2023-10-05 17:31:56,984:INFO - The "stable" release is currently 2023-07-25. Specify 'census_version="2023-07-25"' in future calls to open_soma() to ensure data consistency.
census
<Collection 's3://cellxgene-data-public/cell-census/2023-07-25/soma/' (open for 'r') (2 items)
    'census_data': 's3://cellxgene-data-public/cell-census/2023-07-25/soma/census_data' (unopened)

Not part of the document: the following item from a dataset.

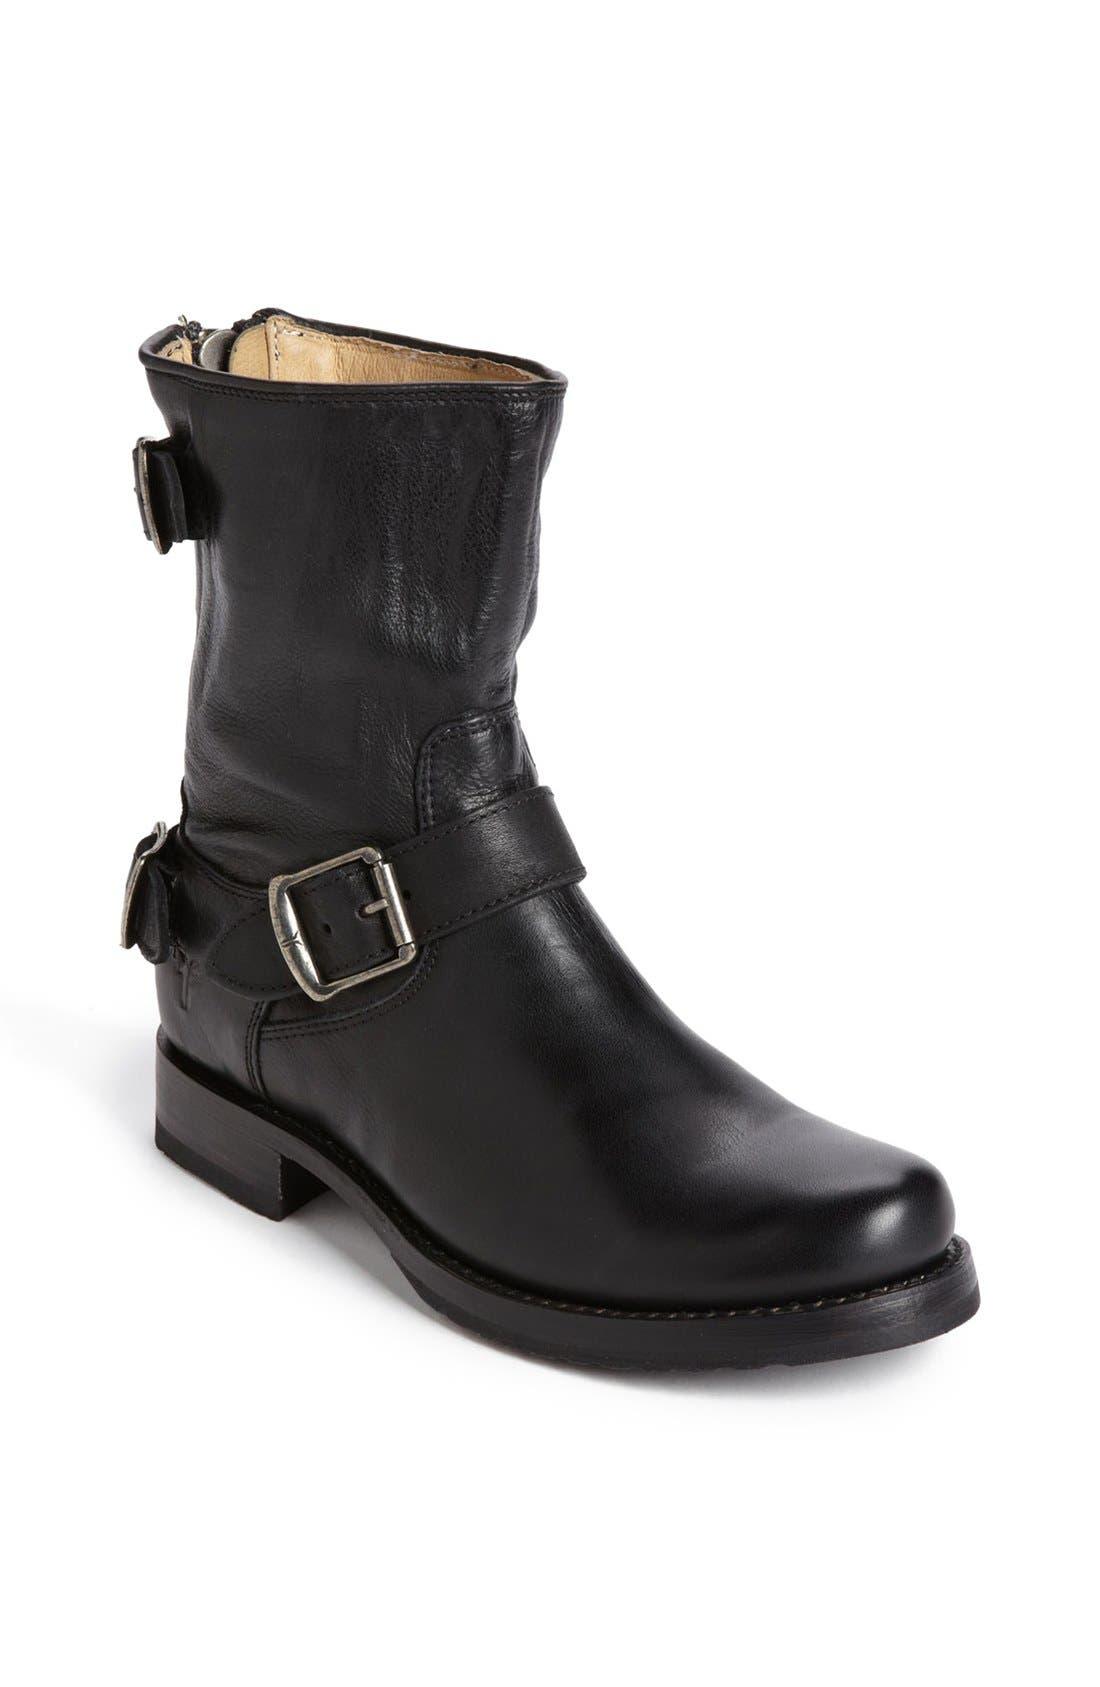 Alternate Image 1 Selected - Frye 'Veronica' Back Zip Short Boot
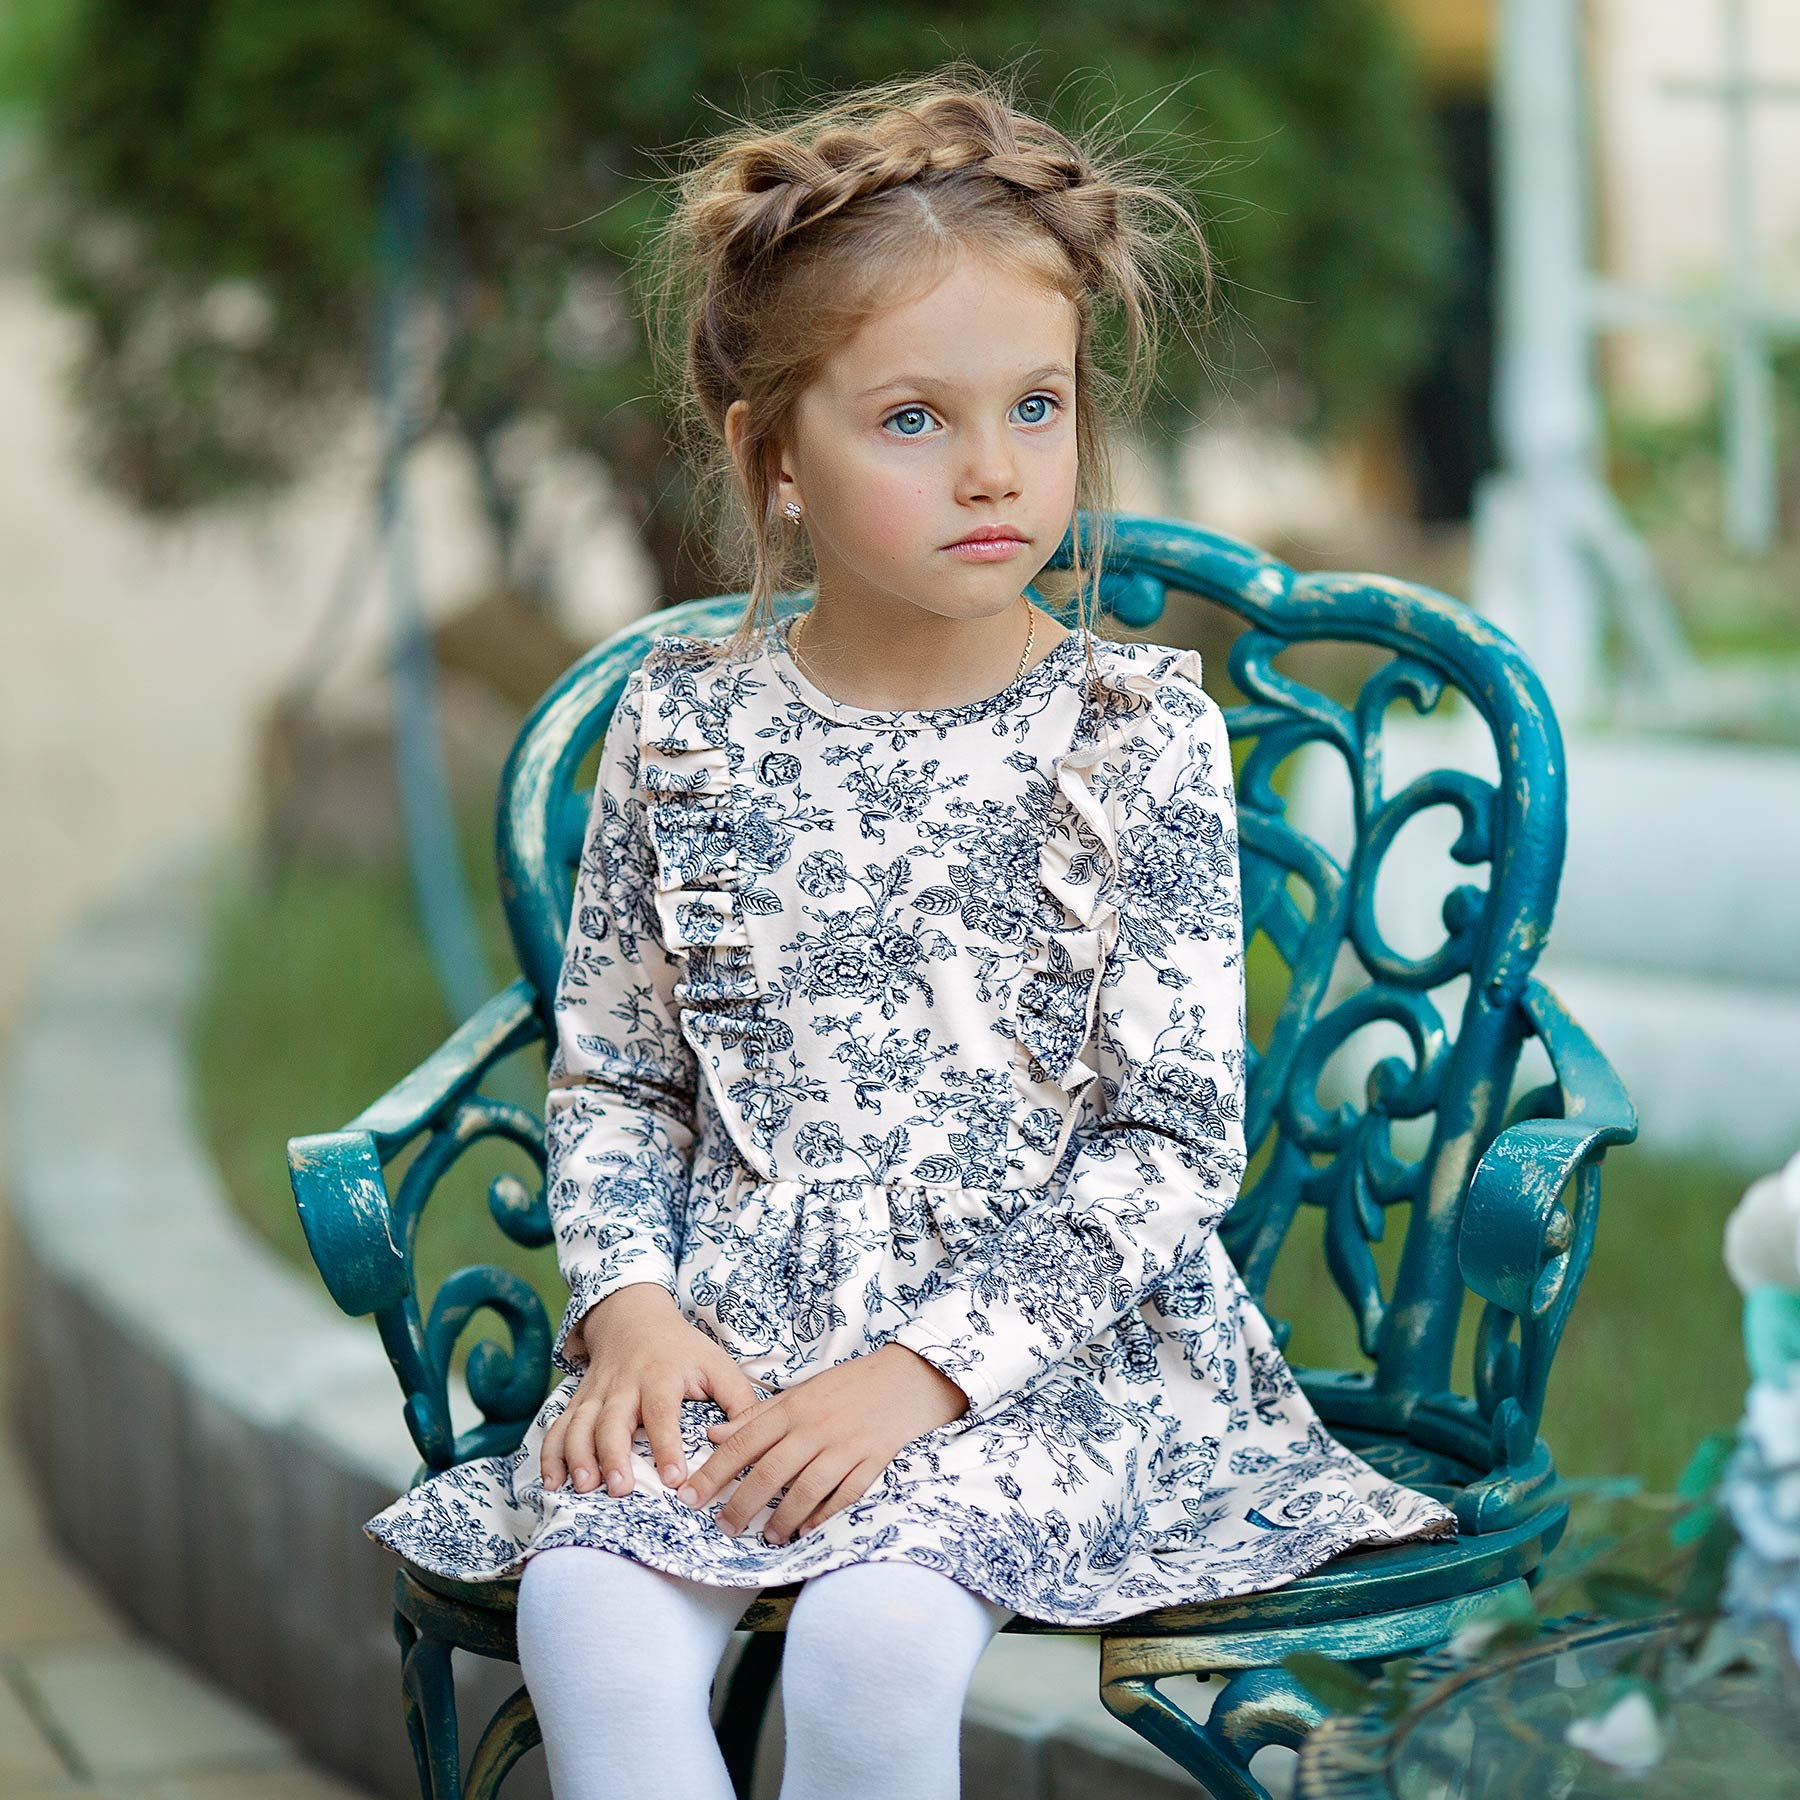 BOSSA NOVA Children Girl's White Flower Dress 148B-187 newest rainbow tutu tulle baby bridesmaid flower girl wedding dress fluffy ball gown usa birthday evening prom cloth party dress

    'census_info': 's3://cellxgene-data-public/cell-census/2023-07-25/soma/census_info' (unopened)>
census["census_data"]
<Collection 's3://cellxgene-data-public/cell-census/2023-07-25/soma/census_data' (open for 'r') (2 items)
    'mus_musculus': 's3://cellxgene-data-public/cell-census/2023-07-25/soma/census_data/mus_musculus' (unopened)
    'homo_sapiens': 's3://cellxgene-data-public/cell-census/2023-07-25/soma/census_data/homo_sapiens' (unopened)>
census["census_info"]
<Collection 's3://cellxgene-data-public/cell-census/2023-07-25/soma/census_info' (open for 'r') (3 items)
    'summary': 's3://cellxgene-data-public/cell-census/2023-07-25/soma/census_info/summary' (unopened)
    'summary_cell_counts': 's3://cellxgene-data-public/cell-census/2023-07-25/soma/census_info/summary_cell_counts' (unopened)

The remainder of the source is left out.